- Exercise instructions -
Which lines in the records below contain the word "avec"? Copy each of them.

- Data -
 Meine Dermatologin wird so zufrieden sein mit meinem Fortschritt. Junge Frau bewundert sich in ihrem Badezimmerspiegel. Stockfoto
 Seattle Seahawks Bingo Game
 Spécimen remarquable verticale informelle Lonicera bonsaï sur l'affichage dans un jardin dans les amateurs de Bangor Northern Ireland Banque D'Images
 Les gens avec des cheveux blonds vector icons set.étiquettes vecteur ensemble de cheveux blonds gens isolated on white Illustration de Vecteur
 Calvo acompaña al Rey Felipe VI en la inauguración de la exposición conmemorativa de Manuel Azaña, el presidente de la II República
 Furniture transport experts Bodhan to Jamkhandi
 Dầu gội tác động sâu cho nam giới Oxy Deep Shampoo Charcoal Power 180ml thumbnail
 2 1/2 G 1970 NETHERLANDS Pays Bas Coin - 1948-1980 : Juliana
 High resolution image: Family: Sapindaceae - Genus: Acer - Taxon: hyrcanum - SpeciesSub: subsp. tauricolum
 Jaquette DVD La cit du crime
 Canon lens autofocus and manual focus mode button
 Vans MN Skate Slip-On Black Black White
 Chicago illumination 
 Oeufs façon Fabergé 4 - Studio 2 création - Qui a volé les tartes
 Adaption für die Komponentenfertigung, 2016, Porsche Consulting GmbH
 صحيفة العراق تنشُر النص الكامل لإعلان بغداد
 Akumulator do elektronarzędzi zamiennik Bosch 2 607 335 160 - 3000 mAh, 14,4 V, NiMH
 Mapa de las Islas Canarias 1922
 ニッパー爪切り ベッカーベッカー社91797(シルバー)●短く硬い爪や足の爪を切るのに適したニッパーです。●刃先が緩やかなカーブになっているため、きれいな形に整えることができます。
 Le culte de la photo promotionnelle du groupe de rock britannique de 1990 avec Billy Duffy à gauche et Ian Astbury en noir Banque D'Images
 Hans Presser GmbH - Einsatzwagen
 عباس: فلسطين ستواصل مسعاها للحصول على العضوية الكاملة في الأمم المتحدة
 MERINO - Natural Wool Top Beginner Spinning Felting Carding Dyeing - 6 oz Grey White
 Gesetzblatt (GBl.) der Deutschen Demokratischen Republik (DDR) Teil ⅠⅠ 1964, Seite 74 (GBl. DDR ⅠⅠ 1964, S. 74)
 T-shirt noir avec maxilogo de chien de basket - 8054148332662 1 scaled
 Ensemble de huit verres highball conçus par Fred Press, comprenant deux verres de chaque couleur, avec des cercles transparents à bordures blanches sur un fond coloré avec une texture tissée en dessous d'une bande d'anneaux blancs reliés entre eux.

- Response for this exercise -
 Les gens avec des cheveux blonds vector icons set.étiquettes vecteur ensemble de cheveux blonds gens isolated on white Illustration de Vecteur
 Le culte de la photo promotionnelle du groupe de rock britannique de 1990 avec Billy Duffy à gauche et Ian Astbury en noir Banque D'Images
 T-shirt noir avec maxilogo de chien de basket - 8054148332662 1 scaled
 Ensemble de huit verres highball conçus par Fred Press, comprenant deux verres de chaque couleur, avec des cercles transparents à bordures blanches sur un fond coloré avec une texture tissée en dessous d'une bande d'anneaux blancs reliés entre eux.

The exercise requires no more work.